Have you ever had that frenemy (that wicked combination of a friend/enemy) who is a peer or maybe a friend…but also weirdly competition?
Someone who lives in your mind and in your social media? Someone you are endlessly comparing yourself to?
When something nice happens for your friend you are happy….but not that happy.
When you see your old co-worker get a fancy new title you become….a little judgy?
Comparison is the thief of joy.
We look at others and feel like they have what we want - and it can be hard to see the good stuff in our own lives. Or that we have anything good in our lives at all.
One of my biggest issues with social media is the fact that you’re looking at hundreds or thousands of people who are doing their thing, or sharing a highly-produced peak moment of some kind — but you’re watching all these peak moments in a row. It's an endless scroll of edited once-in-a-lifetime moments.
And your brain doesn’t really have a bullshit detector in this case. Your brain sees this and thinks “Yeah, this looks legit. What’s wrong with you?”
"I should" starts popping up
Suddenly, the unfiled taxes and the laundry piling up seem like a direct personal inditement of your lack of discipline, talent and success. The unfinished project means you being a boring, non-ambitious person. You’ve never had the resources you needed to break out, you never get the recognition you so richly deserve, and never get your spotlight moment. Your thoughts can spiral into the shoulds…
I should be doing more.
I should be doing better.
I should have done this sooner.
I should have.
I shouldn’t have.
When we use the word “should” we create a problem. It’s not just the pain of feeling not-enough, but it’s also the pain that comes from thinking something should be different than it actually is.

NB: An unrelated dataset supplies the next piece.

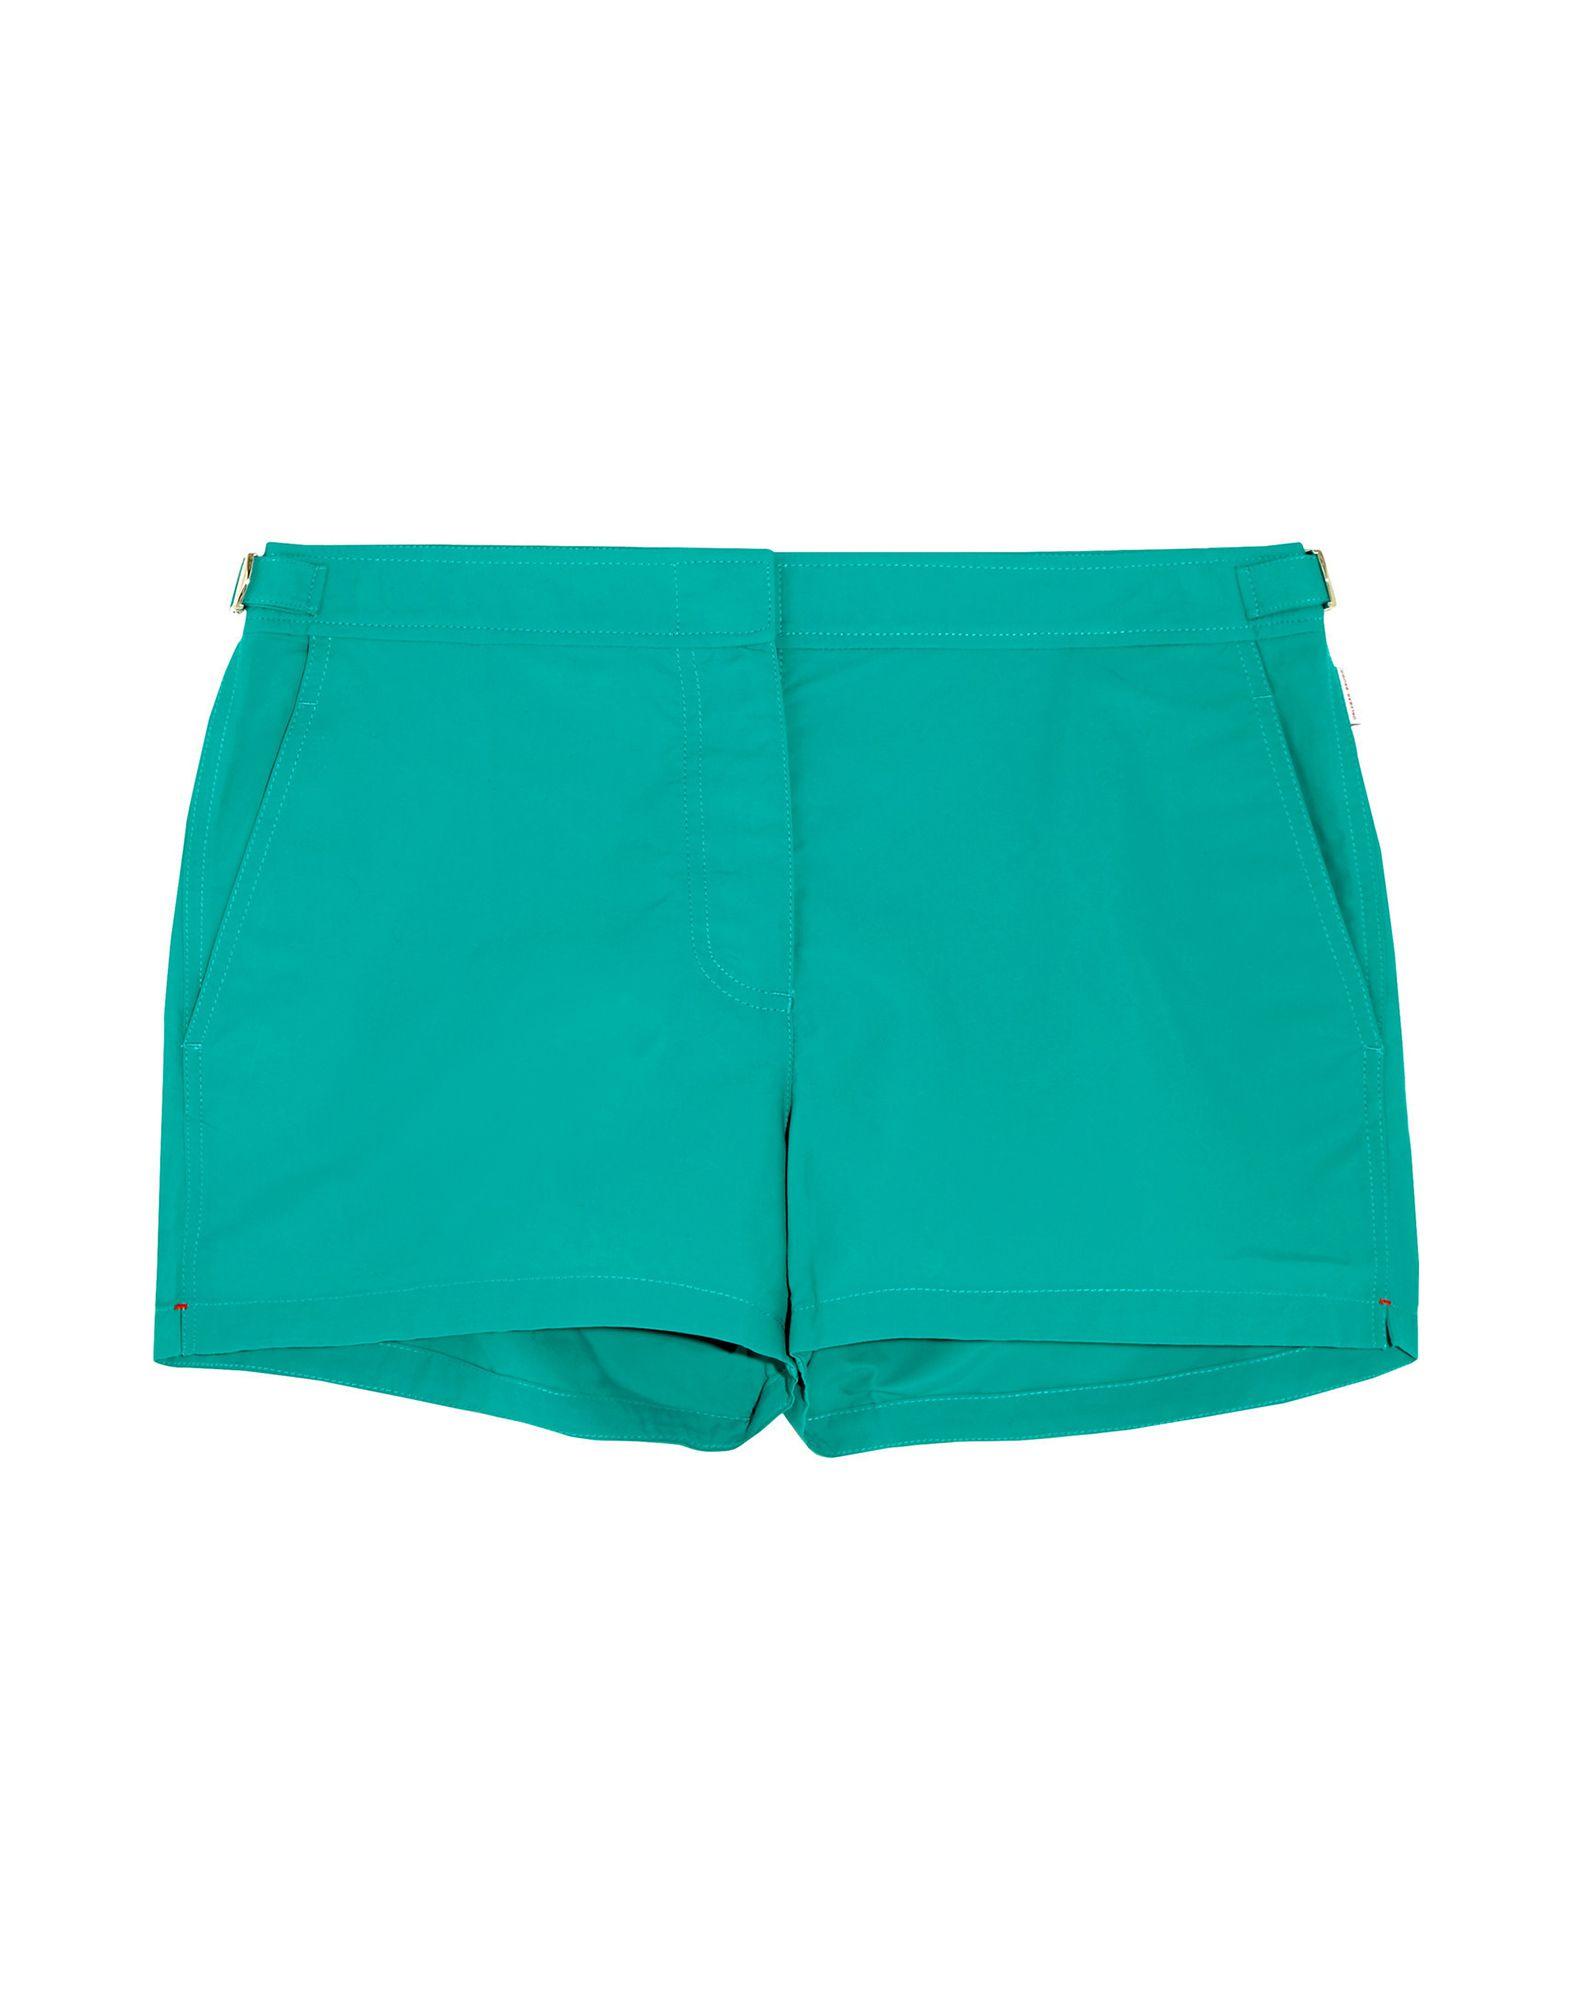 ORLEBAR BROWN Пляжные брюки и шорты versace пляжные брюки и шорты
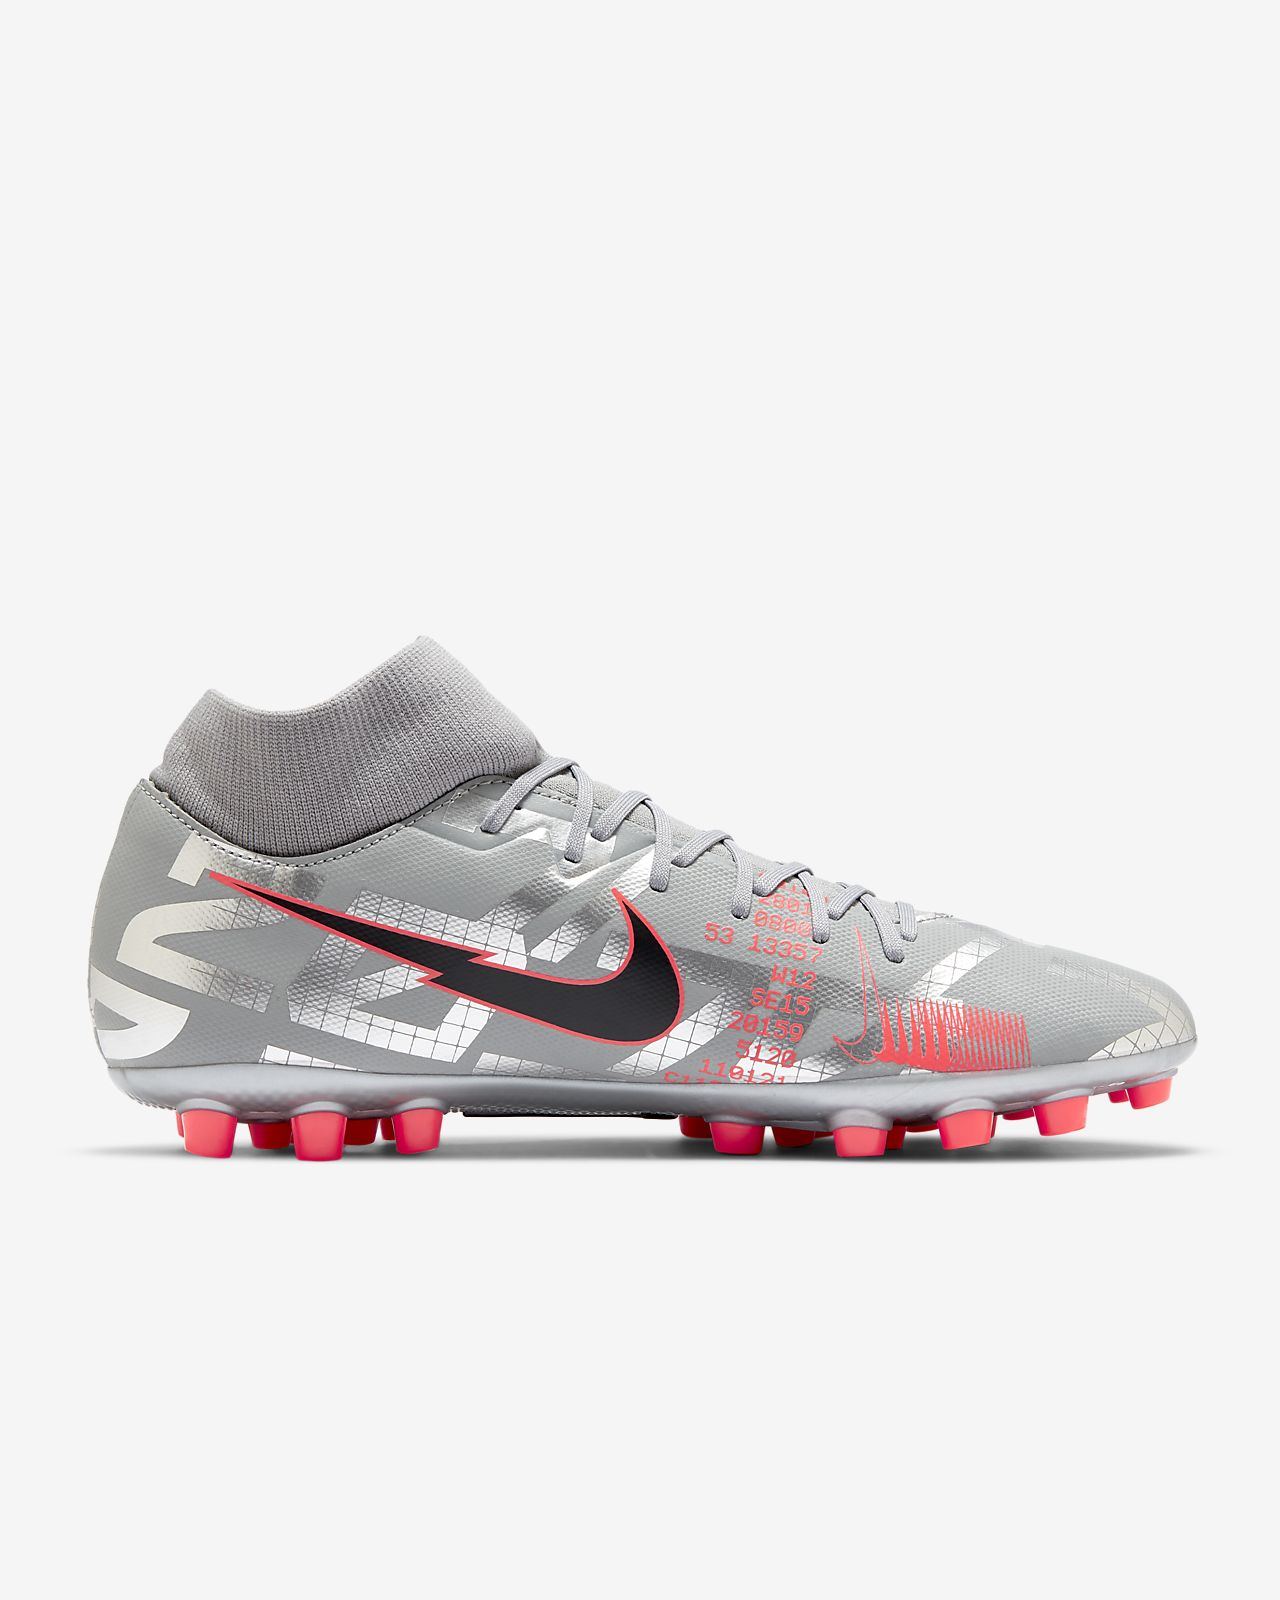 Scarpa da calcio per erba artificiale Nike Mercurial

We aren’t accepting our reality NOW.
And when we can’t square up with what is right now, we don’t have much of a launching spot. Instead of being grounded in what is, (whatever the conditions), we stand on the ever-slippery slope of “should”. Should keeps sucker punching us and deflating our confidence because should is an accusation of missing an opportunity.
In fact, making real change requires that we acknowledge what is actually happening right now. Whatever that is. Then, from that reality, we can assess what we need to navigate to a new space.
So, instead of….
“I should be speaking at conferences if I’m ever going to build my professional brand.”
We can say,
“I”m not speaking at conferences. Building a professional brand was one of my goals and speaking could help me achieve that. What else would be a way to build my brand?”
Or, “I’d like to build my professional brand. I thought speaking at conferences would be a logical step, but I haven’t done it. Where’s the breakdown? What’s getting in my way of moving forward? I need to research where might speak as a first step”
Or, “I thought I’d be speaking at conferences. However, the facts are that I am building a life that is working really well for me, my family and my clients. And right now that doesn’t include a conference talk.”
Things to keep in mind when looking at progress on your own goals:
Compare yourself to yourself.
Are you getting better in areas that are important to you?
Are you clear about why you’ve set goals - for the sake of what?
What's most important to you about the goal?
What is the breakdown? What block are you seeing that’s preventing the next step?
What’s right about the fact that you aren’t meeting your goal?
Can you look at others and remind yourself:
I’m only seeing 2% of the process.
I don’t know all of what’s going on in that person’s world.
I don’t know that I have the same goals, values or needs as this person.
I’m doing well and making progress where it’s important for me.
If I’m feeling jealous of my frienemy, what part of their story am I most envious of? Is there something they are doing/getting that I truly want for myself?